Гипоталамо-гипофизарно-тиреоидная система плода развивается независимо от материнского влияния. Гипофиз в виде самостоятельного образования выявляется уже на 4-ой неделе беременности, дифференцировка его клеточного состава заканчивается к 20-ой неделе эмбриональной жизни. К 14-16-й неделе внутриутробного развития щитовидная железа плода способна накапливать йод и синтезировать йодтиронины. Гипофиз плода к этому времени может секретировать тиреотропный гормон (ТТГ), который синтезируется базофильными клетками передней доли гипофиза. Причиной дистенезии щитовидной железы могут быть как генетические факторы, так и факторы внешней среды. В настоящее время в отделении детской эндокринологии ЭНЦ РАМН активно изучаются молекулярно-генетичекие основы врожденного гипотиреоза.

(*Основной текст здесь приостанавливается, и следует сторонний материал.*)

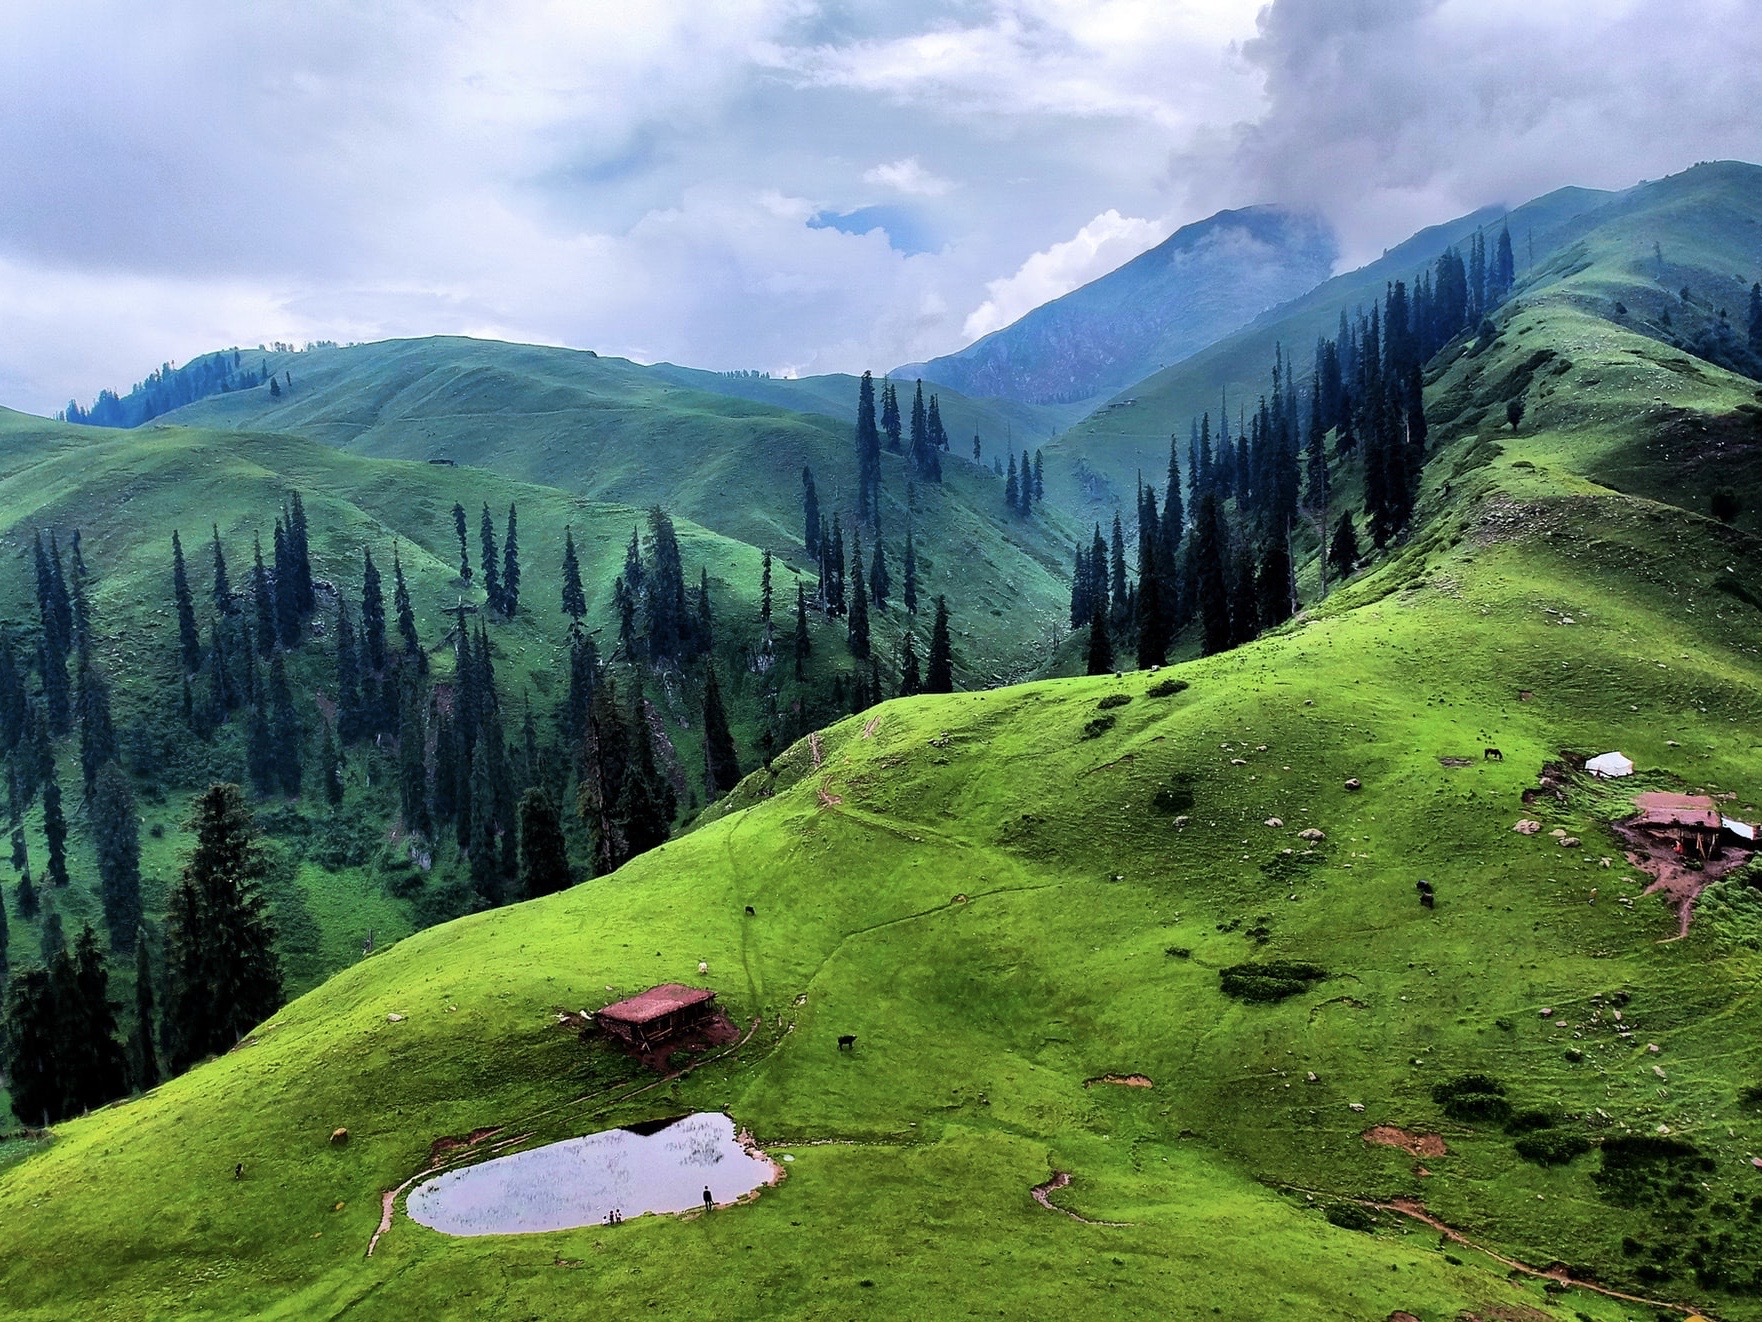 Pakistan’s economic stimulus package focused on 15 national parks will protect a diverse range of habitats, benefit both nature and people and create a pool of new jobs for unemployed youth.
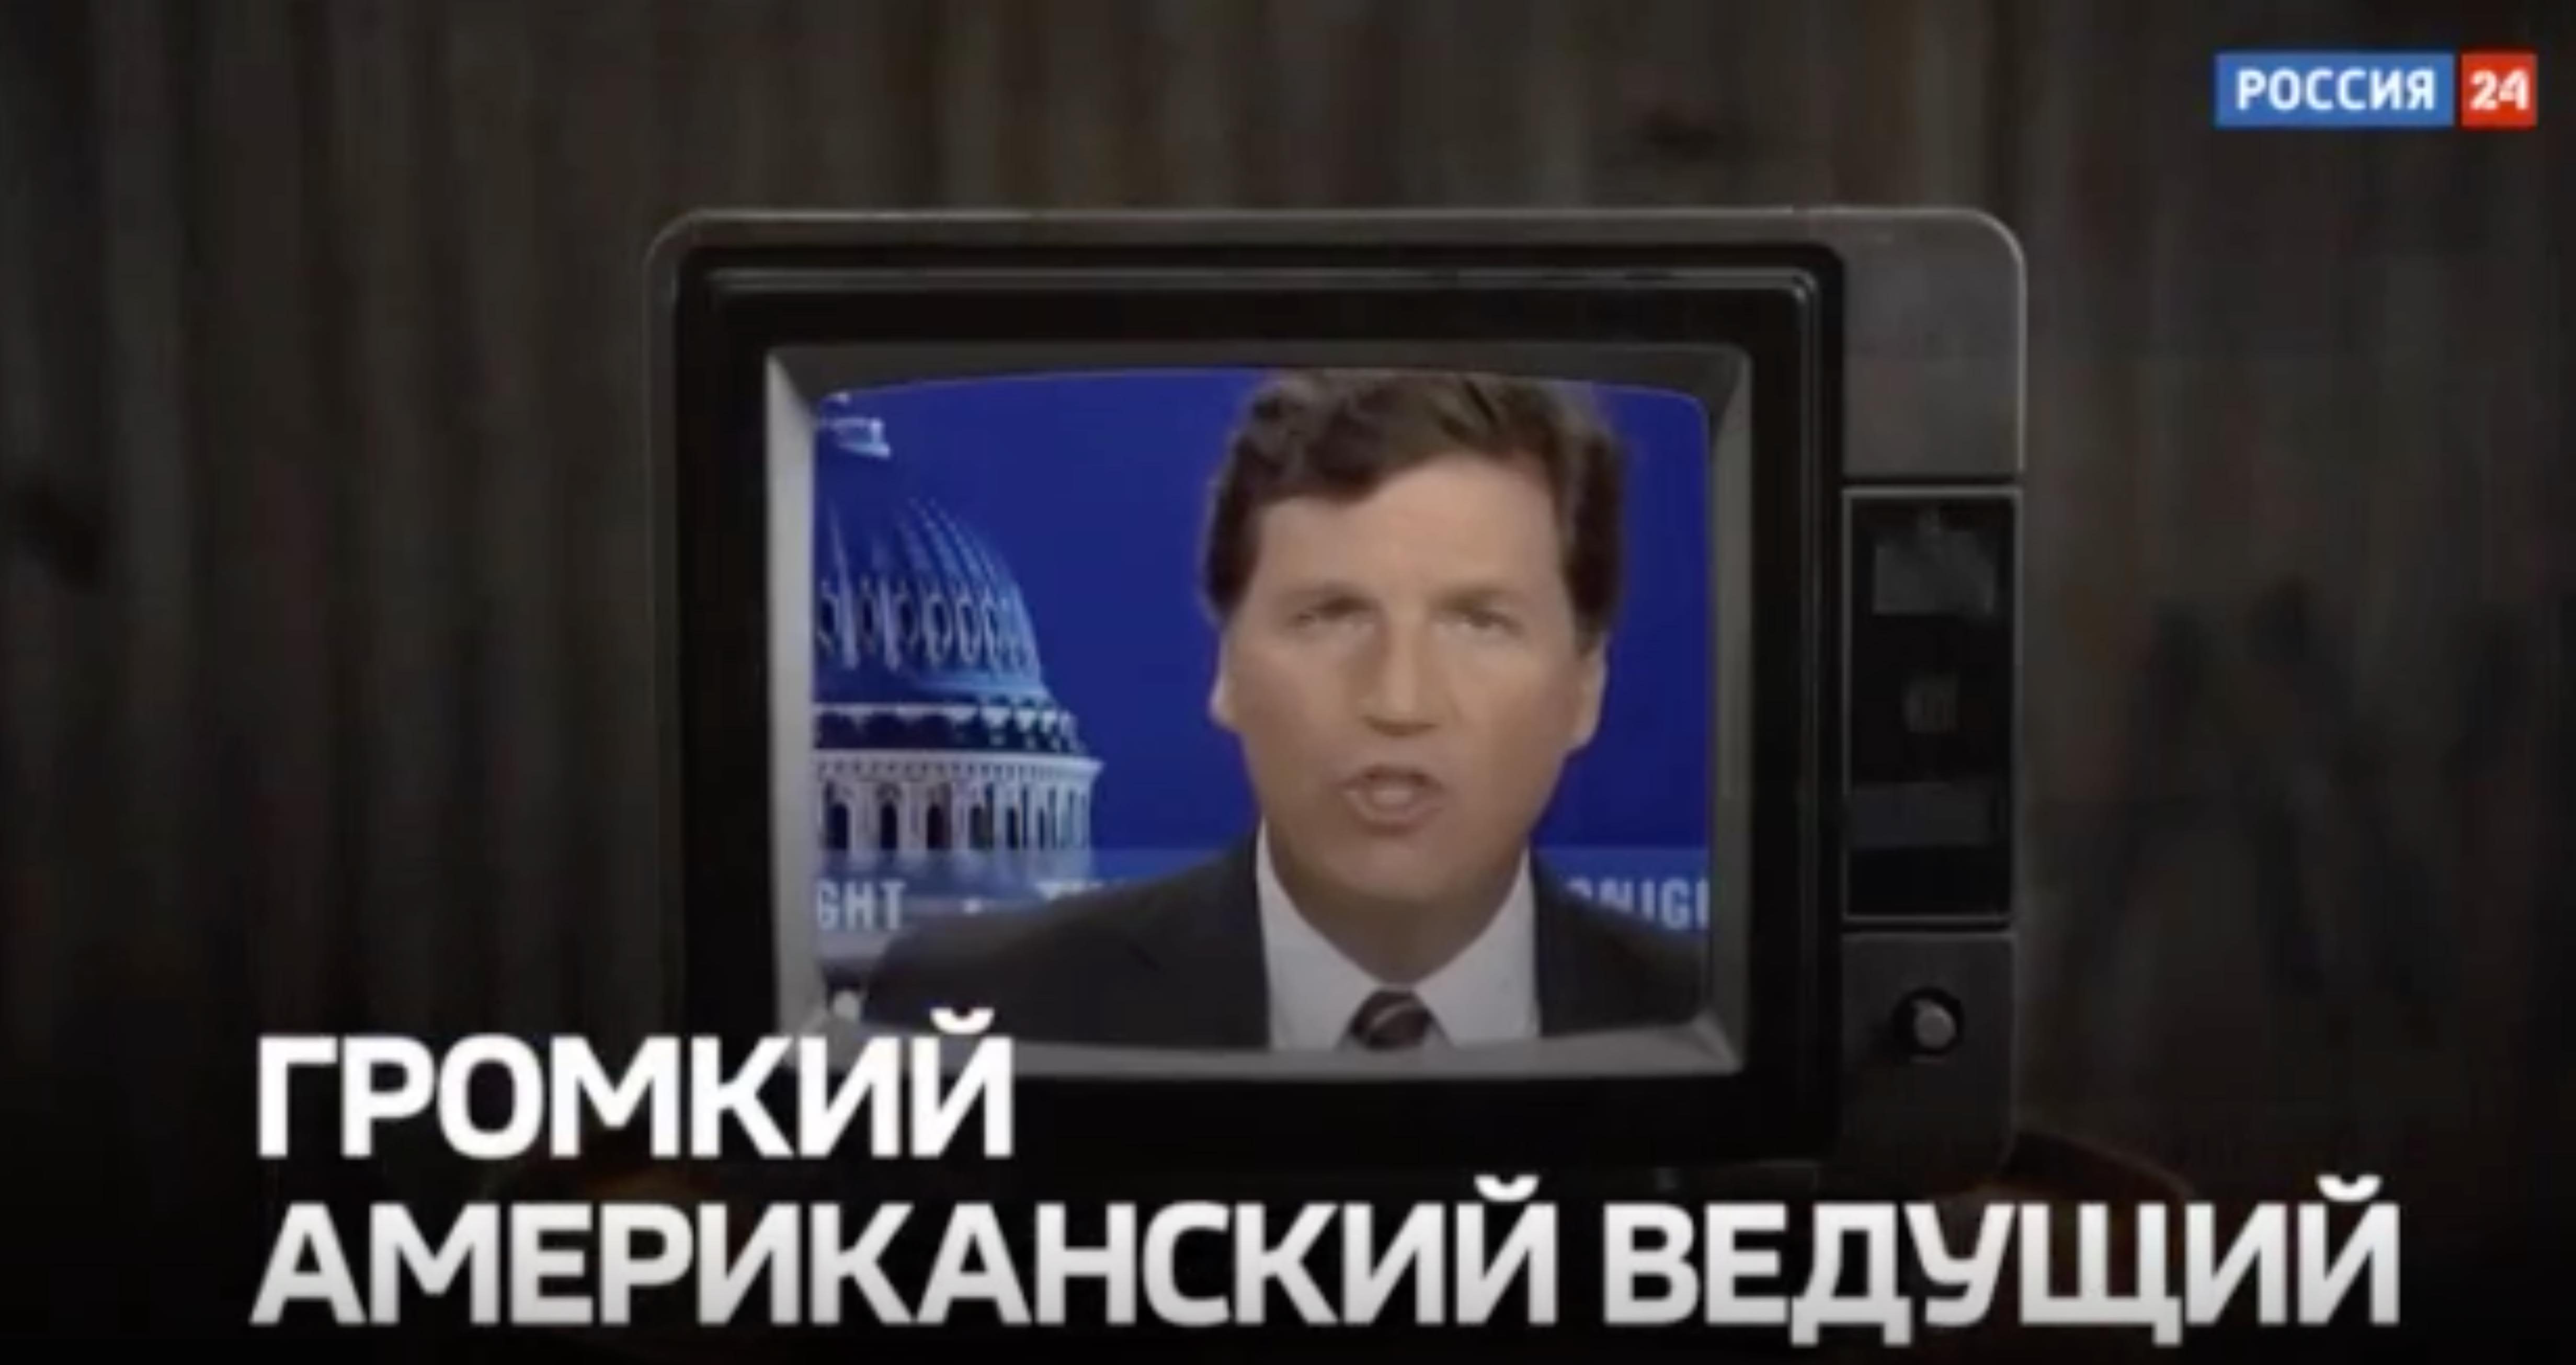 ‘Completely Absurd’: Tucker Carlson Says He Has Nothing to Do With Bizarre Promo Airing on Russian TV

Это заболевание является инвалидизирующим, так как приводит к соматическим осложнениям, таким как нарушение сердечно-сосудистой деятельности, изменение функционального состояния центральной нервной системы, расстройства со стороны желудочно-кишечного тракта.
Больше других от недостатка тиреоидных гормонов у ребенка страдает центральная нервная система. Низкий уровень тиреоидных гормонов, особенно в первые месяцы жизни, приводит к задержке процессов миелинизации нервных волокон и дифференциации нервной ткани, снижает накопление липидов, гликопротеидов в нервной ткани, что в конечном итоге вызывает морфофункциональные нарушения в мембранах нейронов, проводящих путях мозга. Следствием этих патологических процессов является нарушение психофизического и речевого развития ребенка.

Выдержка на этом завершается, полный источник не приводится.